Пошли они не 19 февраля, а через три дня, в воскресенье. День был мягкий, почти мартовский, но нерешительный, по Красной площади кружился сыроватый ветер, угрожая снежной вьюгой, быстро и низко летели на Кремль из-за Москвы-реки облака, гудел колокольный звон. Двумя валами на площадь вливалась темная, мохнатая толпа, подкатываясь к стене Кремля, к Спасским и Никольским воротам. Шли рабочие не спеша, даже как бы лениво, шли не шумно, но и не торжественно. Говорили мало, неполными голосами, ворчливо, и говор не давал того слитного шума, который всегда сопутствует движению массы людей. Очень многие простуженно кашляли, и тяжелое шарканье тысяч ног по измятому снегу странно напоминало звук отхаркивания, влажный хрип чудовищно огромных легких.
Клим Самгин стоял в группе зрителей на крыльце Исторического музея. Рабочие обтекали музей с двух сторон и, как бы нерешительно застаиваясь у ворот Кремля, собирались в кулак и втискивались в каменные пасти ворот, точно разламывая их. Напряженно всматриваясь в бесконечное мелькание лиц, Самгин видел, что, пожалуй, две трети рабочих — люди пожилые, немало седобородых, а молодежь не так заметна. И тогда как солидные люди шли в сосредоточенном молчании или негромко переговариваясь, молодежь толкала, пошатывала их, перекликалась, посмеиваясь, поругиваясь, разглядывая чисто одетую публику у музея бесцеремонно и даже дерзко. Но голоса заглушались шарканьем и топотом ног. Изредка в потоке шапок и фуражек мелькали головы, повязанные шалями, платками, но и женщины шли не шумно. Одна из них, в коротком мужском полушубке, шла с палкой в руке и так необъяснимо вывертывая ногу из бедра, что казалось, она, в отличие от всех, пытается идти боком вперед.

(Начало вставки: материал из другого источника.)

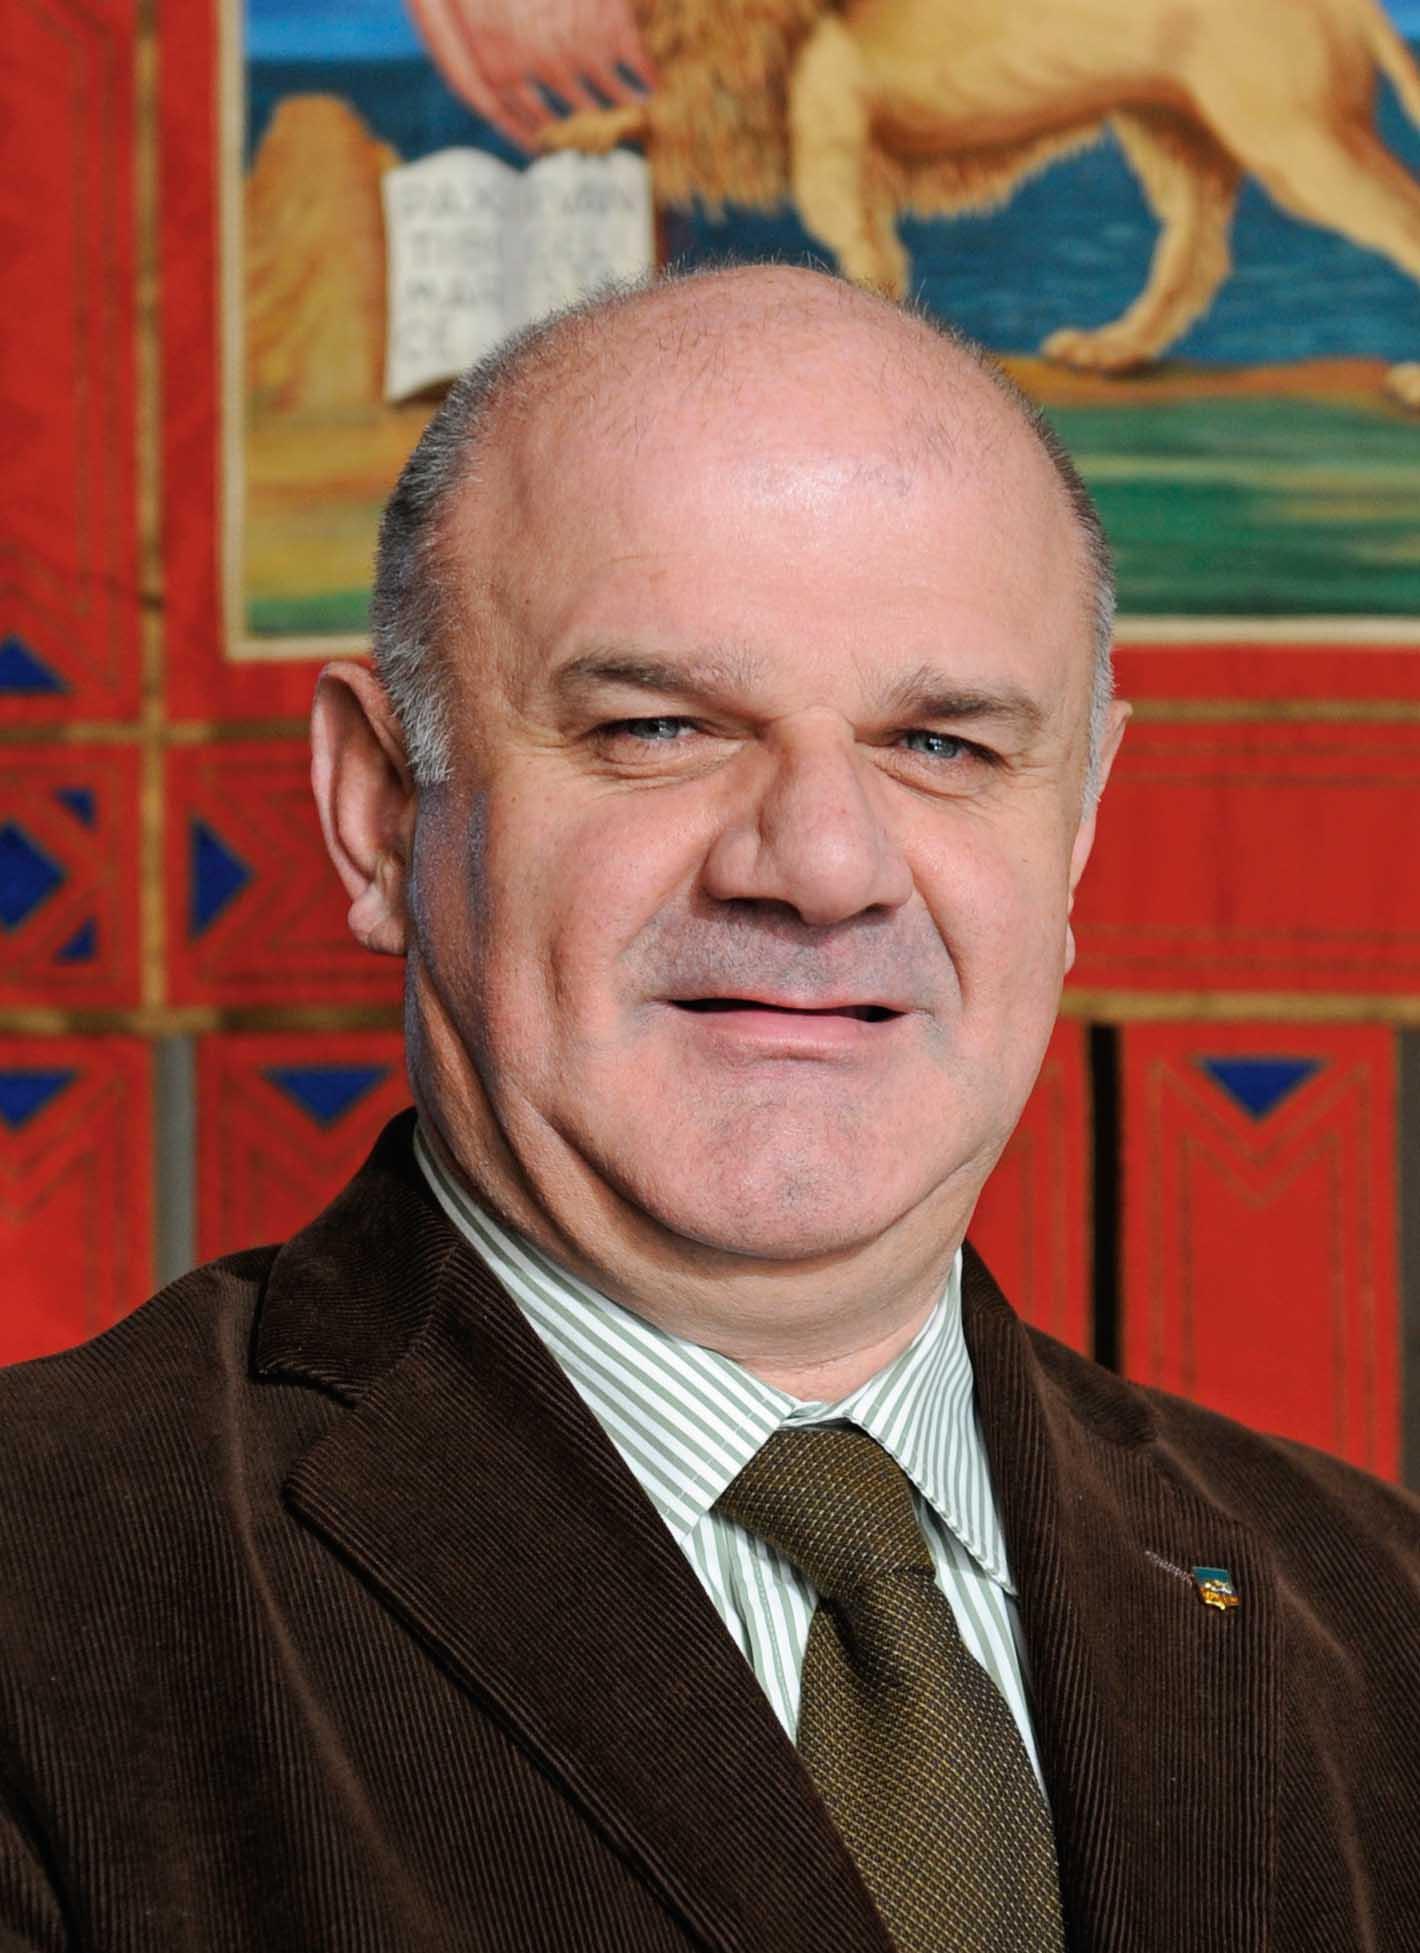 Daniele Stival

Лицо у нее было большое, кирпичного цвета и жутко неподвижно, она вращала шеей и, как многие в толпе, осматривала площадь широко открытыми глазами, которые первый раз видят эти древние стены, тяжелые торговые ряды, пеструю церковь и бронзовые фигуры Минина, Пожарского.
Многократно и навязчиво повторялись сухое, длинное лицо Дьякона и круглое, невыразительное Митрофанова. Похожих на Дьякона было меньше, и только один человек напомнил Климу Дунаева.
«С каким чувством идут эти люди?» — догадывался Самгин.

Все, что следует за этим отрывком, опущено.